### YOUR GOAL
Output a character-exact copy of the data, images removed.

### DATA EXTRACT

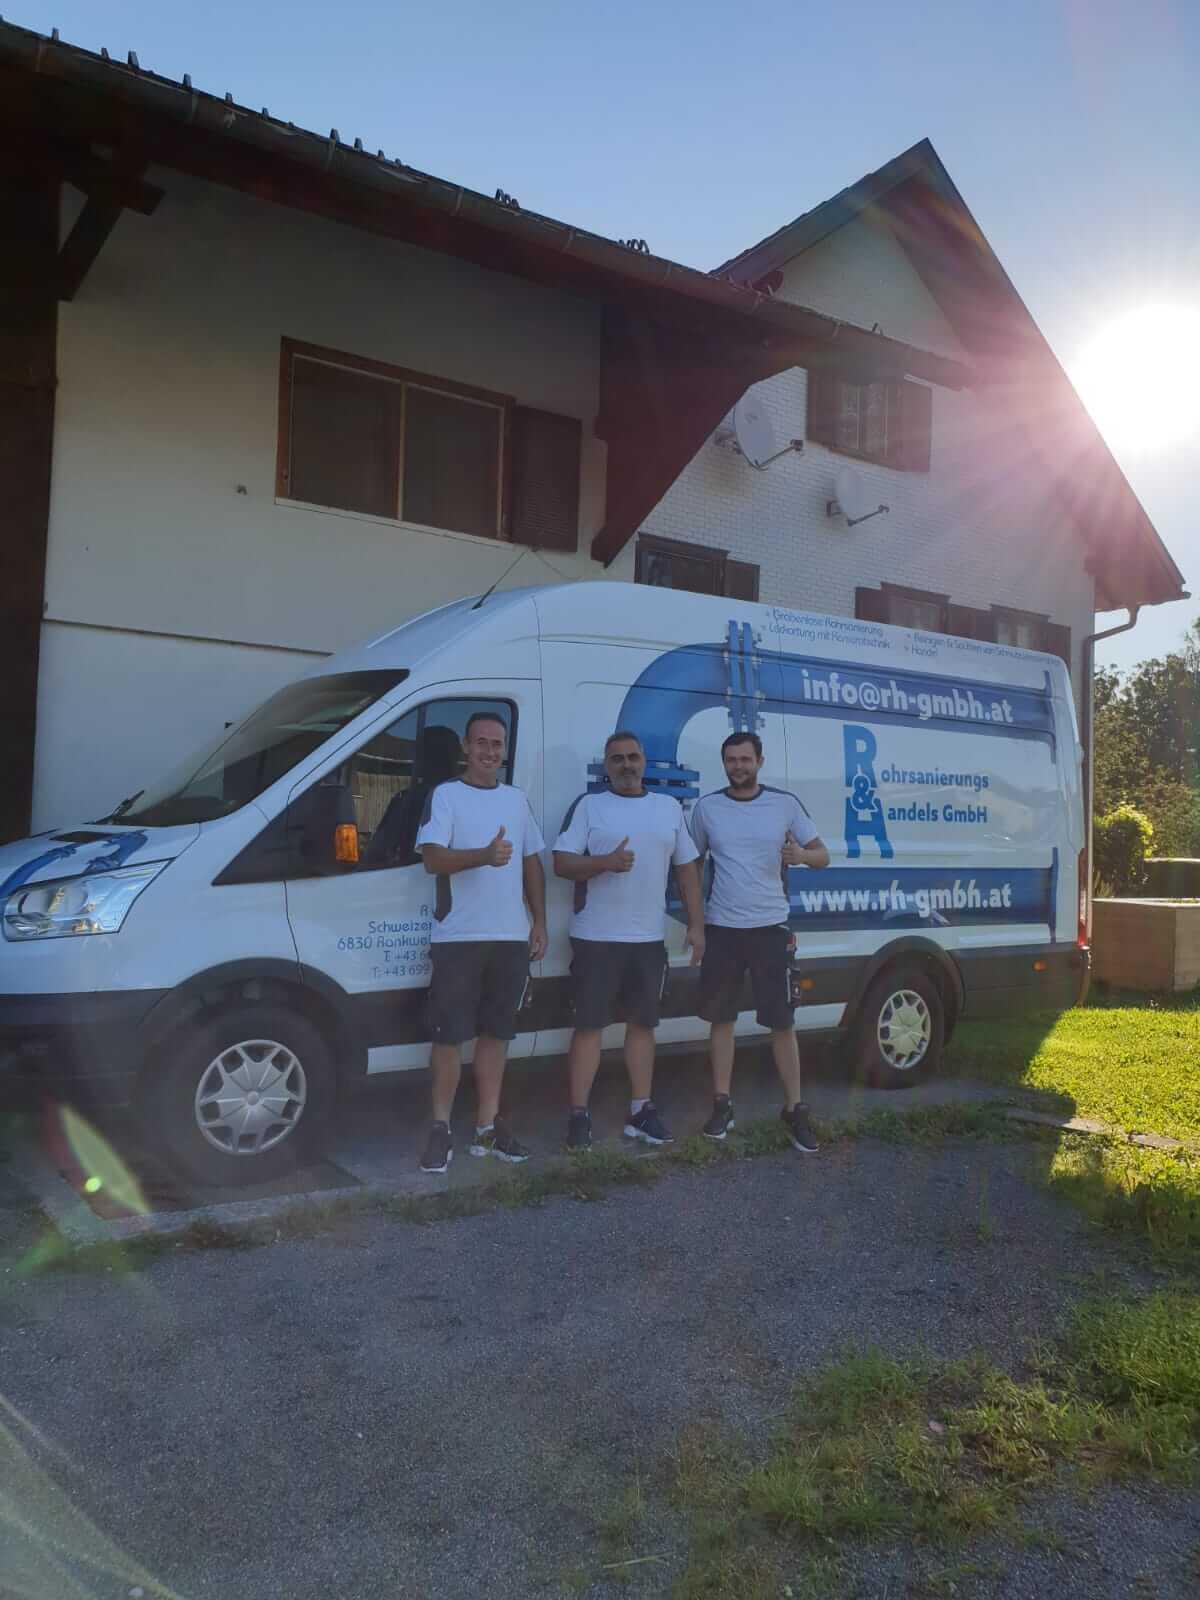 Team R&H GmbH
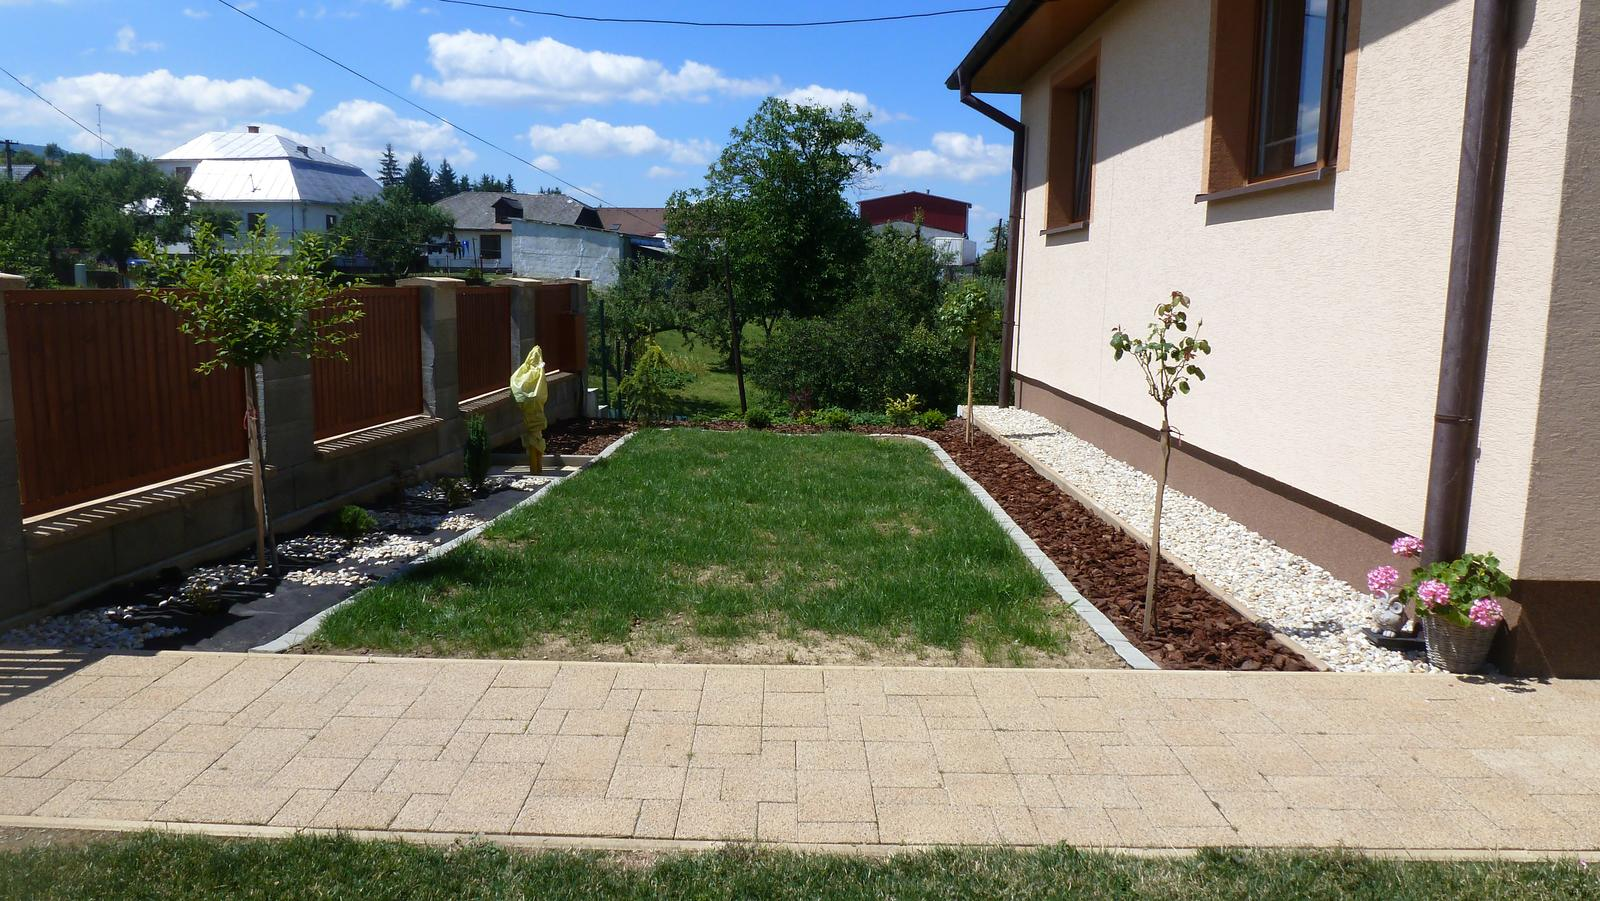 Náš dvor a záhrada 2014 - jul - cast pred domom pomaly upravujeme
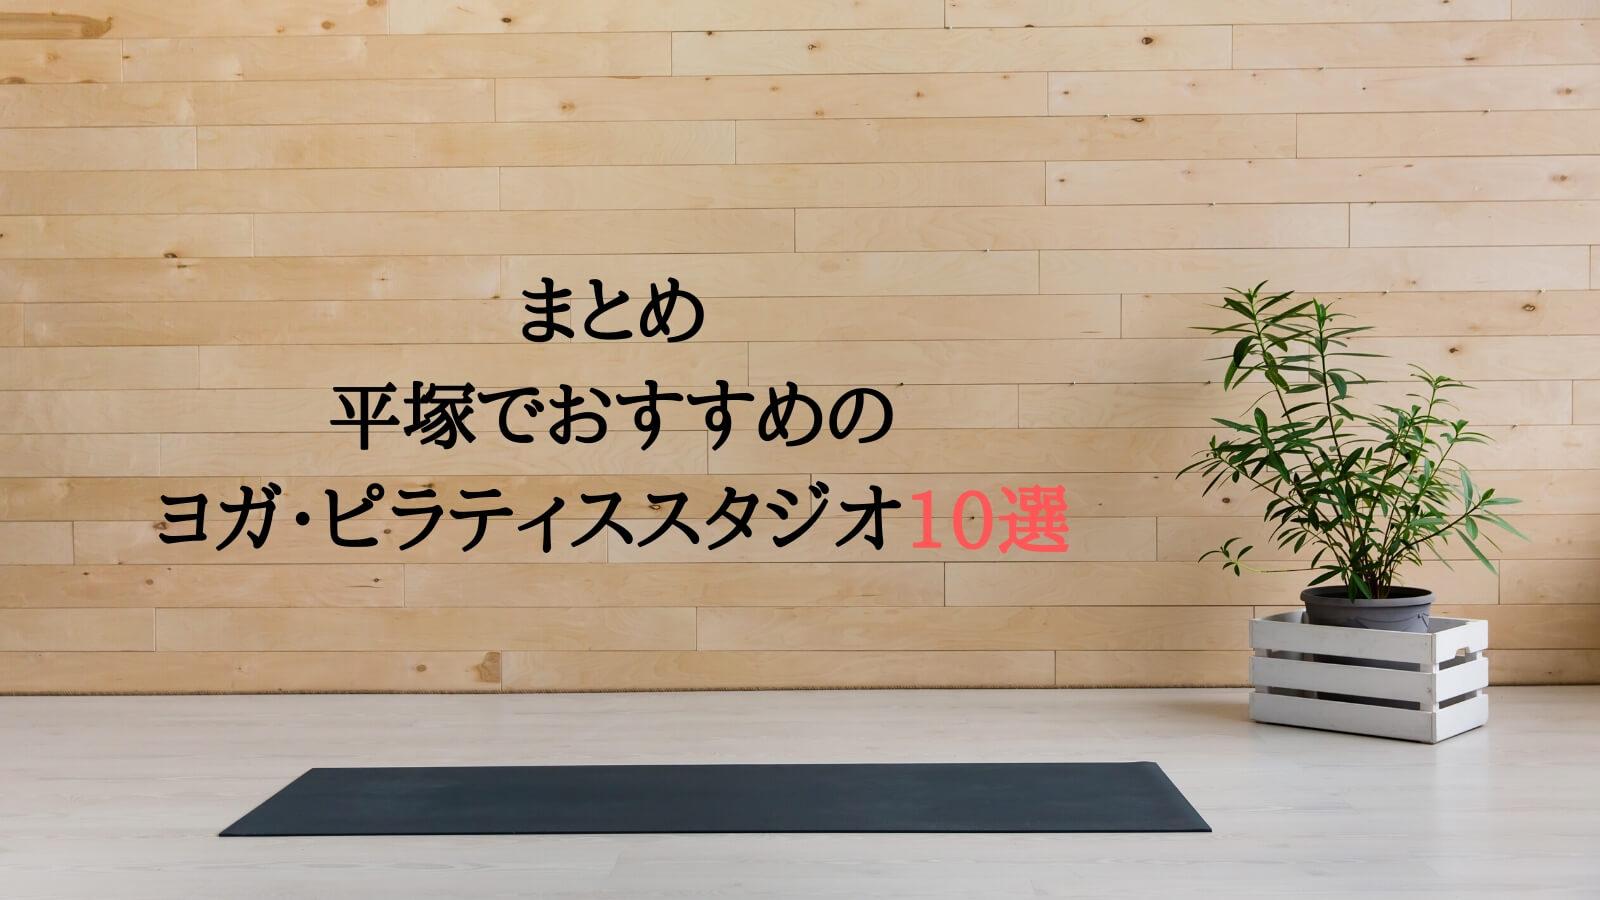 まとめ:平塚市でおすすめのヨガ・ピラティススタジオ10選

### RESULT OF THE TASK
 Team R&H GmbH
 Náš dvor a záhrada 2014 - jul - cast pred domom pomaly upravujeme
 まとめ:平塚市でおすすめのヨガ・ピラティススタジオ10選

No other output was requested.